Sebastian Steineke.   Ihr Bundestagsabgeordneter für Nordwest-Brandenburg
30.07.2015, 08:01 Uhr | MAZ - Prignitz-Kurier 28.7.2015 / Andreas König

Elbkonzept: Steineke für zügige Umsetzung

Wittenberge – Beim „Gesamtkonzept Elbe“ der Bundesregierung hat die Detailarbeit begonnen. Darüber informiert der CDU-Bundestagsabgeordnete
für Ostprignitz-Ruppin und Prignitz, Sebastian Steineke. Die Bundesregierung habe die Arbeitsgruppe Elbe der CDU-/ CSU-Bundestagsfraktion schriftlich über den Stand der Dinge informiert. Demnach solle „die Festlegung der zukünftigen Fahrrinnentiefe auf der Grundlage der aktuellen Erkenntnisse erfolgen und im Rahmen des Gesamtkonzeptes
vorgestellt und diskutiert“ werden. „Das bisherige Unterhaltungsziel der Bundesregierung für die Elbe ist eine Tauchtiefe von 1,60 Meter (bis Dresden).“ Bisher galten die 1,60 Meter als gesetzter Wert. Dass drüber nachgedacht wird, eventuell eine größere Fahrrinnetiefe zu schaffen, wurde allenfalls von Vertretern der Binnenschifffahrt, der Logistikbranche oder der Anliegerkommunen gefordert. „Um die Planbarkeit der Schiffbarkeit des Flusses zu gewährleisten, scheint jedoch aus Sicht vieler Experten eine Mindesttiefe von 1,60 Metern geboten“, teilt Sebastian Steineke weiter mit.
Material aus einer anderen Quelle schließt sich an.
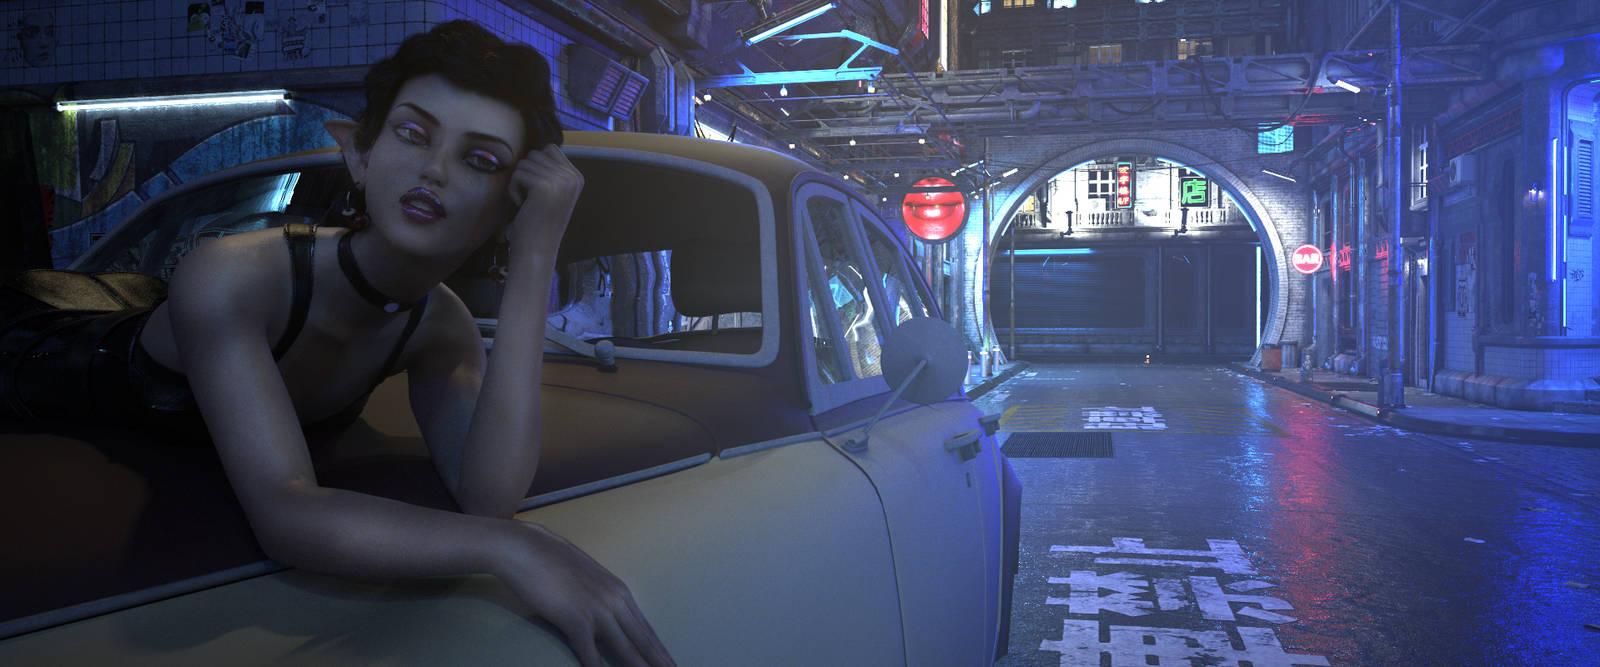 Cyberpunk City at Night

Er fordert eine zügige Umsetzung des Konzepts. In der Diskussion um eine bessere Schiffbarkeit habe sich jetzt auch Tschechien zu Wort gemeldet. Es gebe Bedenken für den Fall, dass die Elbe nicht in den Bundesverkehrswegeplan 2015 aufgenommen werde. Bekanntlich hatte Peter Ramsauer, Vorgänger des Bundesverkehrsministers Dobrindt (beide
CSU), die Elbe in ihrem östlichen Verlauf nicht mehr als Teil des Vorrangnetzes“ einstufen wollen. Das hätte bedeutet, dass nur noch das
Nötigste an Unterhaltungsarbeiten ausgeführt worden wäre. Die
Bundesregierung will das Gesamtkonzept Elbe bis Mitte 2016 vorlegen.
Es hätte Auswirkungen auch auf den Hafen Wittenberge.